System X is a modernized implementation of a POSIX system. It can replace both UNIX System V and Linux's Systemd or be partly used to supplement an existing system.
The goals for System X are derived from the wisdom I've gained from experience as well as the wisdom of the Unix philosophy.
- Small footprint - The entire system should fit on a floppy.
- Portability - Only rely on POSIX, C++ and statically linked platform libraries with the same restrictions.
- Multi-platform support - At compile-time, use custom code to support specific kernels when most beneficial.
- Fault tolerance - Recover from errors or fail gracefully but don't hang or crash.
- Modular but integrated - Components should be trivial to replace and able to work together or function independently.

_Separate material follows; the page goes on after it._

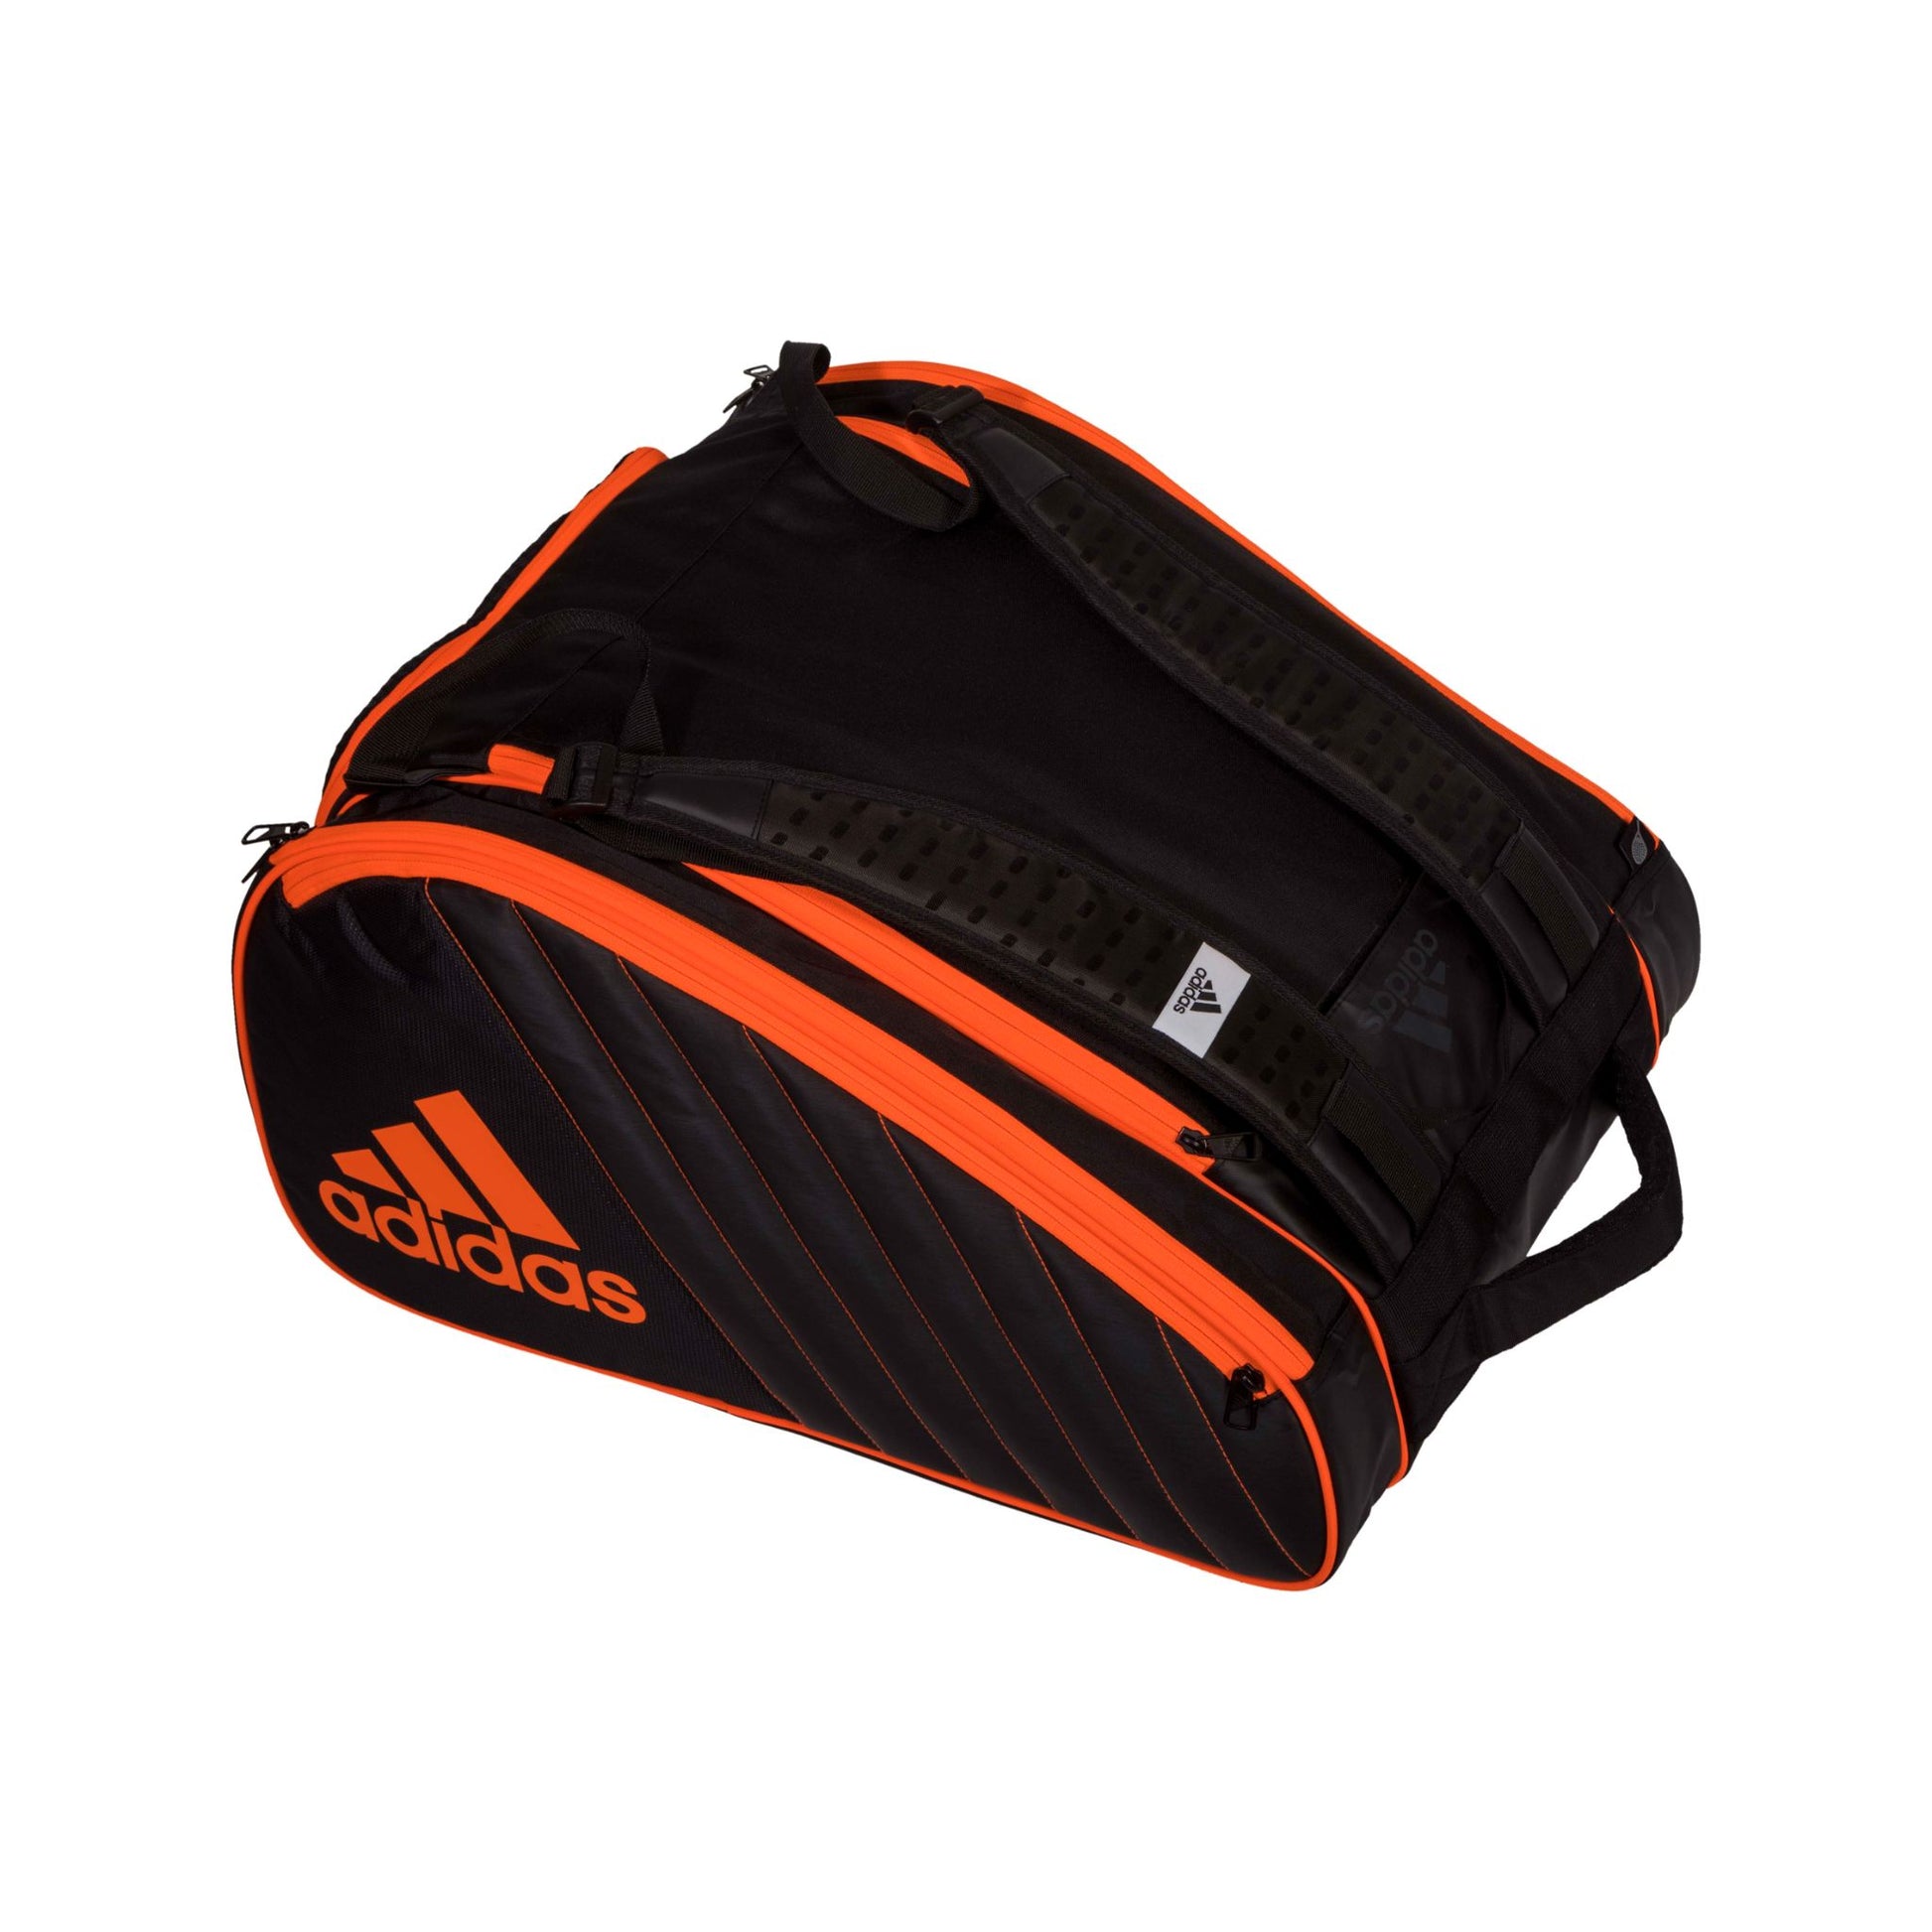 Adidas Protour Racket Bag - Orange-Right

- Text, not binaries - Configuration and log files should be readable with a generic text editor.
- Well documented - Generated documentation and code comments are not sufficient.
System X components currently being worked on.
- Service Connector File System - A FUSE filesystem to manage service sockets.
- Initializer - A minimal init system that ensures the SCFS is mounted, Config daemon runs then Director daemon runs or bails out to an emergency shell.
- Executor - A small tool to setup an environment for and then execute a program.
- Director Daemon - A dependency and runlevel based daemon management daemon.
- Configuration Daemon - Abstracts /etc configuration file interface/notifies of configuration updates.
- System Logger Daemon - A RFC compliant system logger that logs in an efficient searchable text format.
- Logging Daemon - A reliable file logger that refuses to fail.
- Event Daemon - A hardware event notification daemon.
- Device Daemon - A devfs maintenance daemon.
- Public Domain Toolkit - A minimalist event-driven toolkit that can be compiled into any program.
- Incanto - A code generator for using sockets in SCFS as an IPC mechanism.